On 7 October 2002, plaintiff wrote a memorandum to Geologistics Limited Surabaya and Malaysia ("Geologistics Malaysia"). The memorandum stated plaintiff would notify the freight forwarder by mail to release furniture shipments to defendant Global upon plaintiff's receipt of defendant Global's payment. Plaintiff concedes Geologistics Malaysia is not a party to this action and is a separate corporate entity from defendant Geologistics.

On 27 December 2002, plaintiff's employee sent an email to several Geologistics Malaysia employees and one employee with defendant Geologistics. The email stated Geologistics Malaysia should not release containers to defendant Global without plaintiff's prior approval. The email closed with the instruction, "Please confirm your understanding." Nothing in the record shows defendant Geologistics gave or plaintiff received any confirmation of or followed up on this email before Geologistics Malaysia shipped any furniture containers.

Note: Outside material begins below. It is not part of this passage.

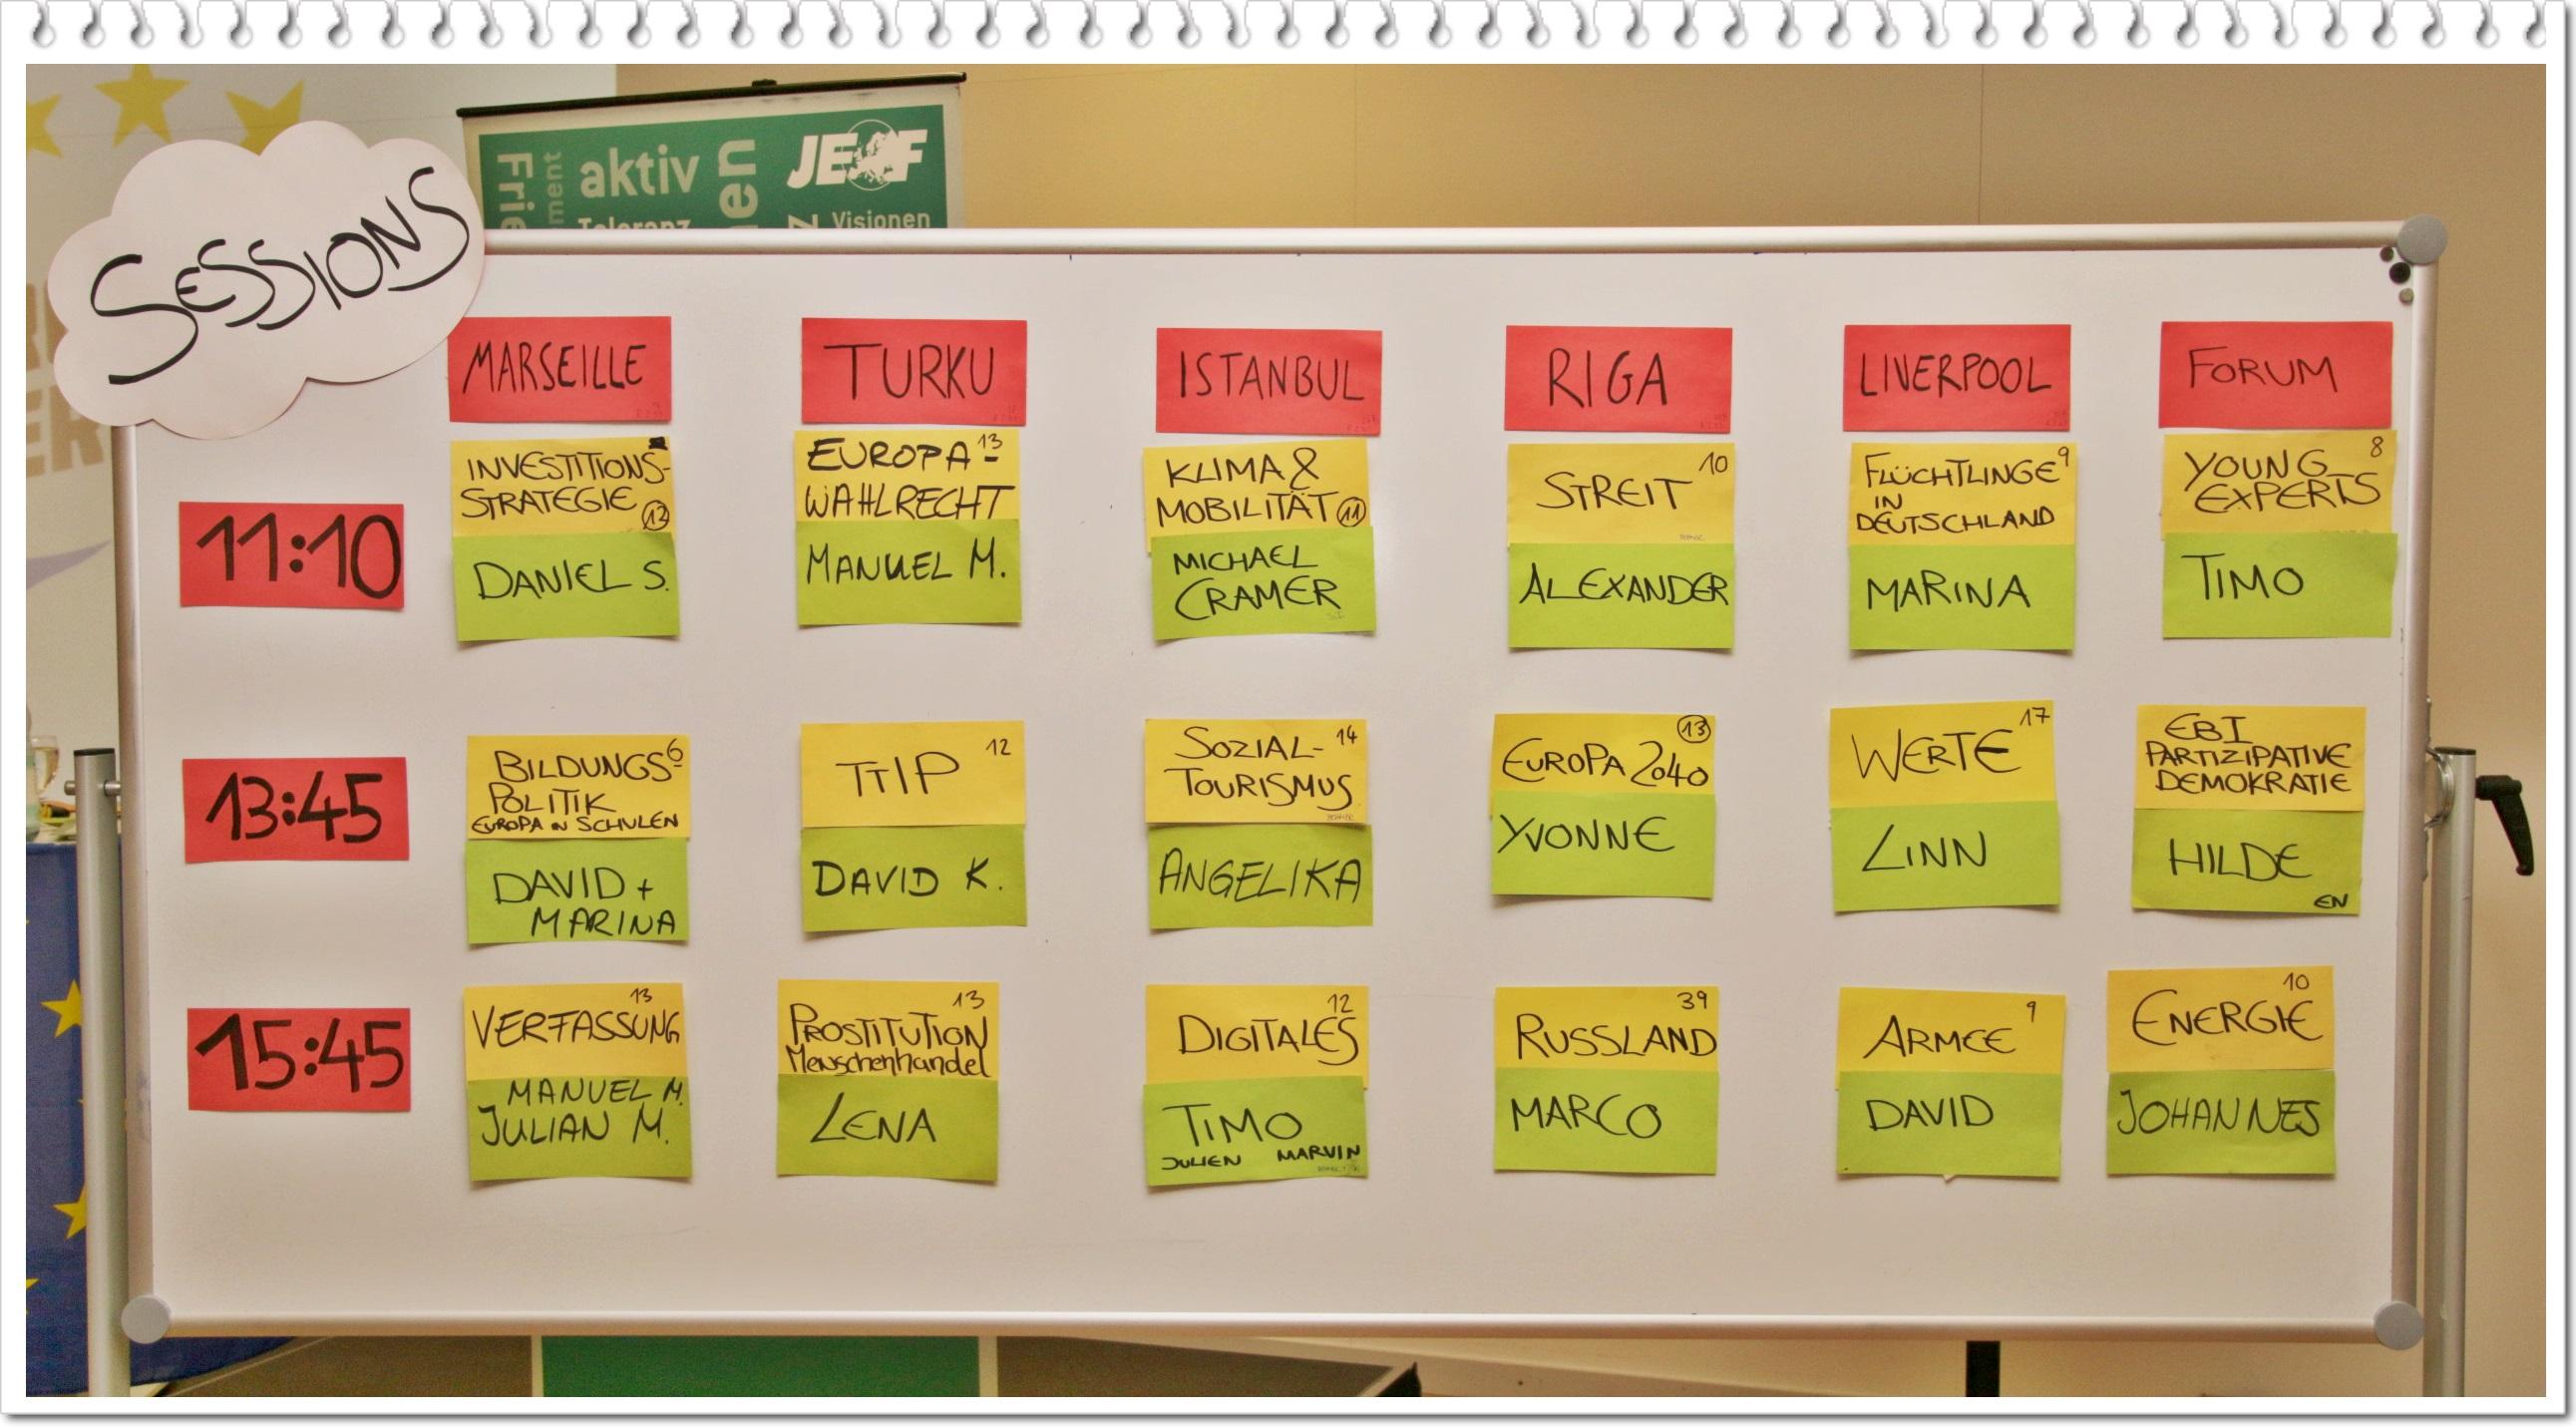 Sessionplan 2014
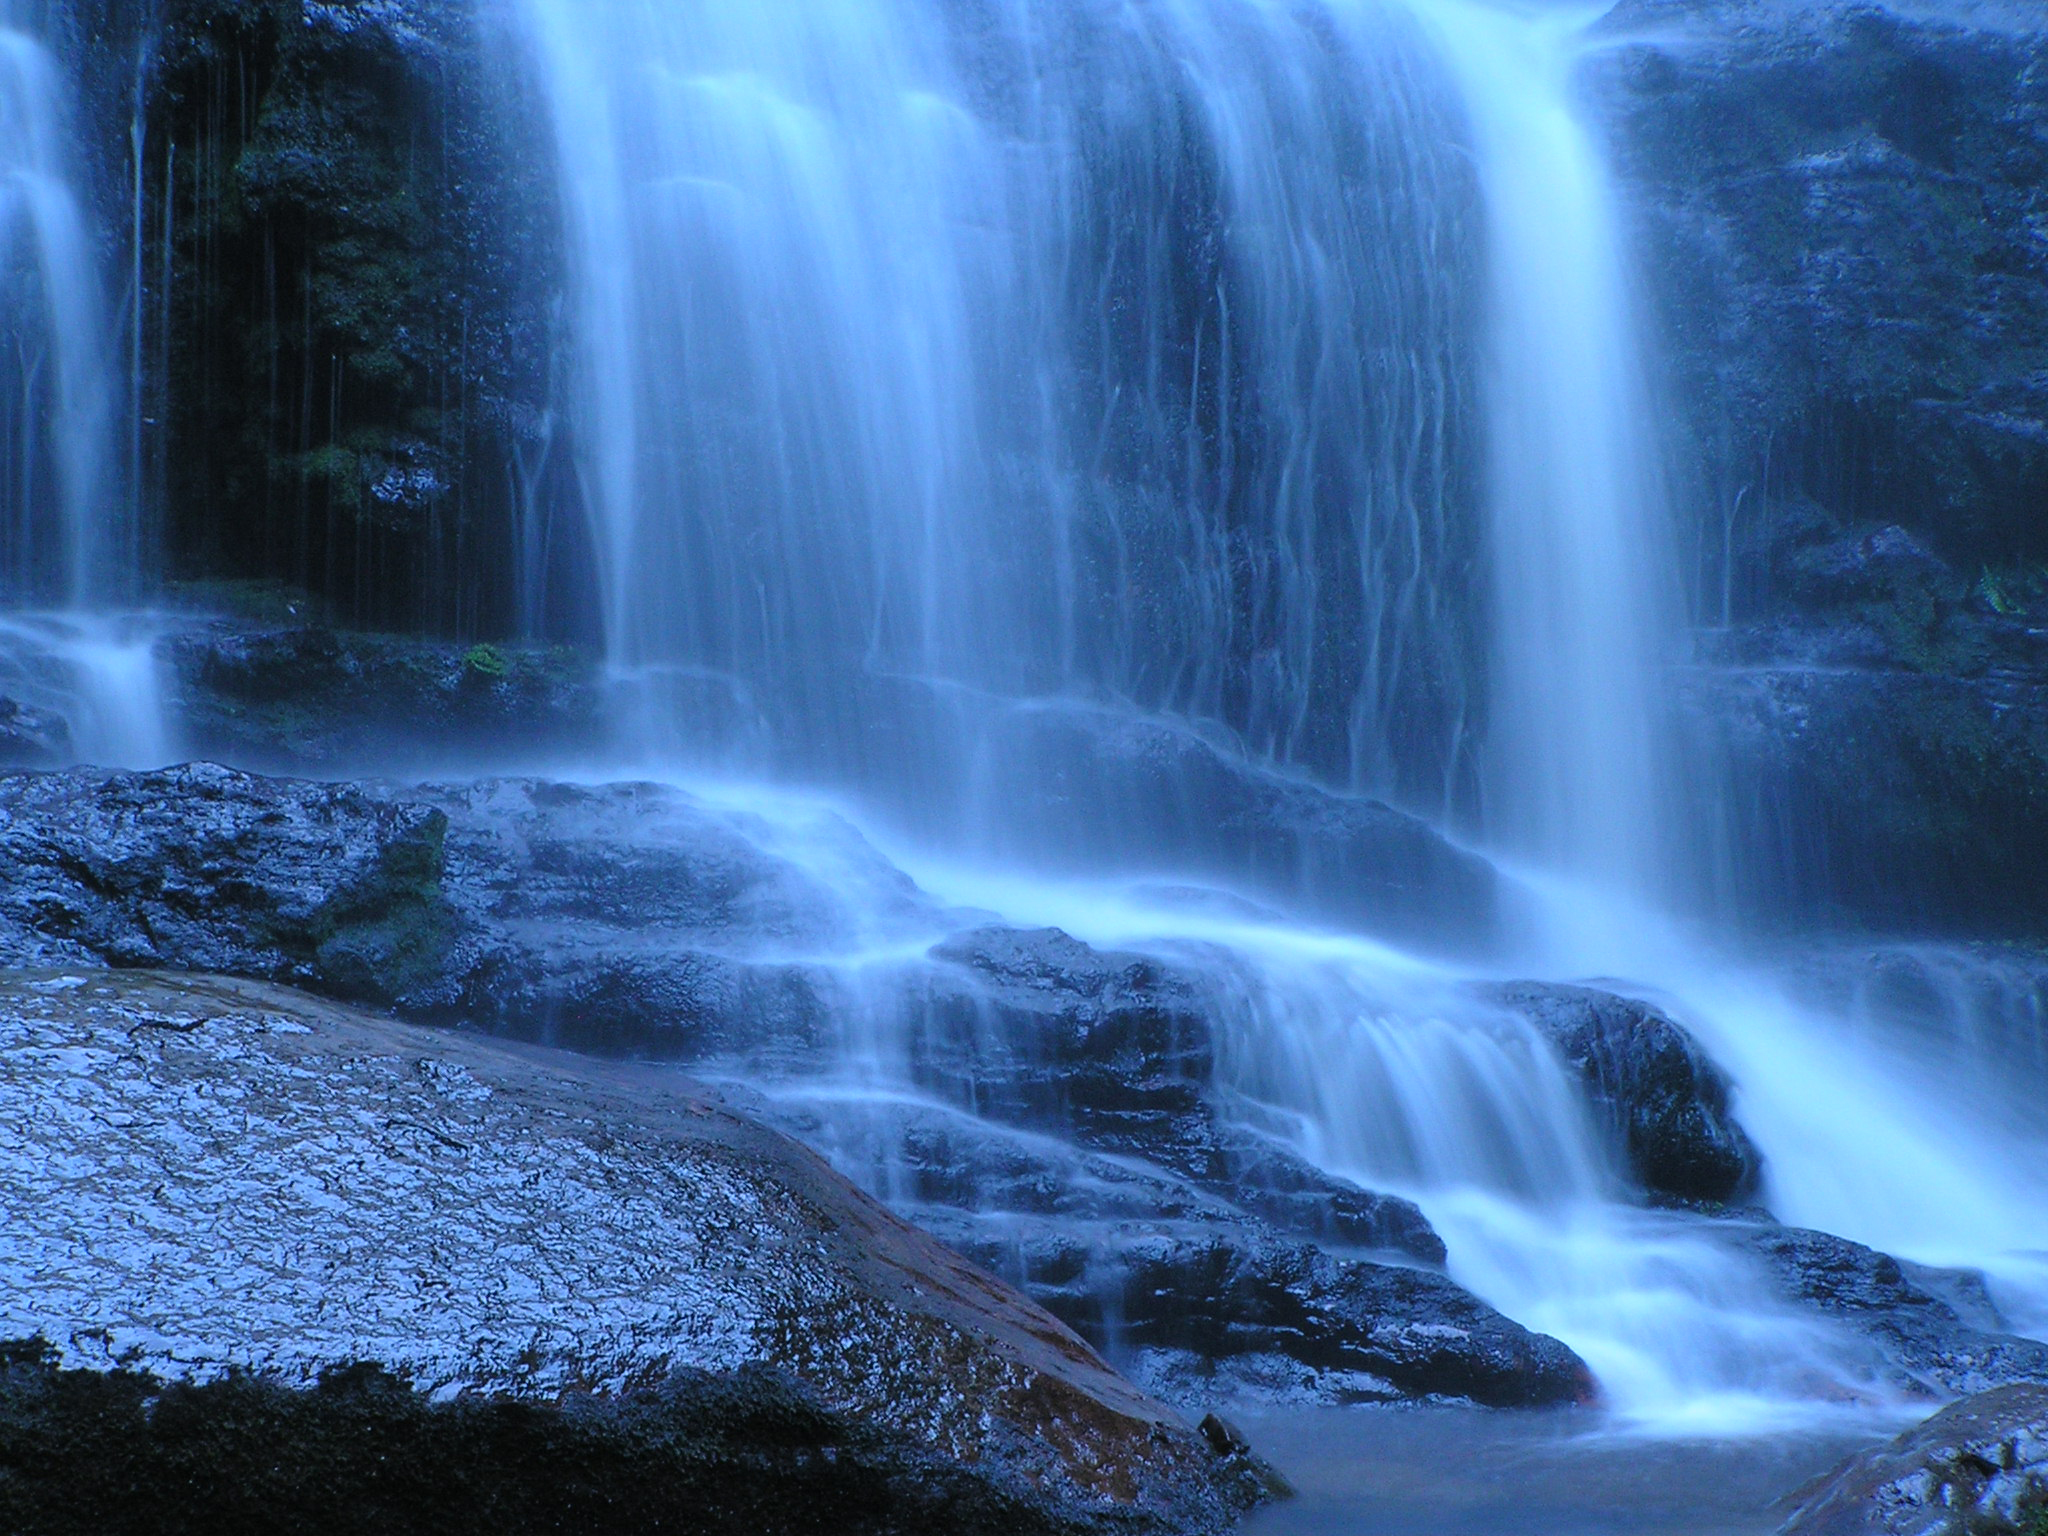 wallpaper wallpaper downloads Waterfall in Tasmania Australia 2048x1536

Defendant Global ordered thirty-nine furniture containers from plaintiff. Geologistics Malaysia shipped those containers to various ports within the United States. The parties stipulated defendant Global received all thirty-nine shipments between the dates of 27 January 2003 and 3 June 2003. Defendant Global failed to pay plaintiff after receipt of the thirty-nine containers. Defendant Global became delinquent in accounts payable to plaintiff in the amount of $805,413.13.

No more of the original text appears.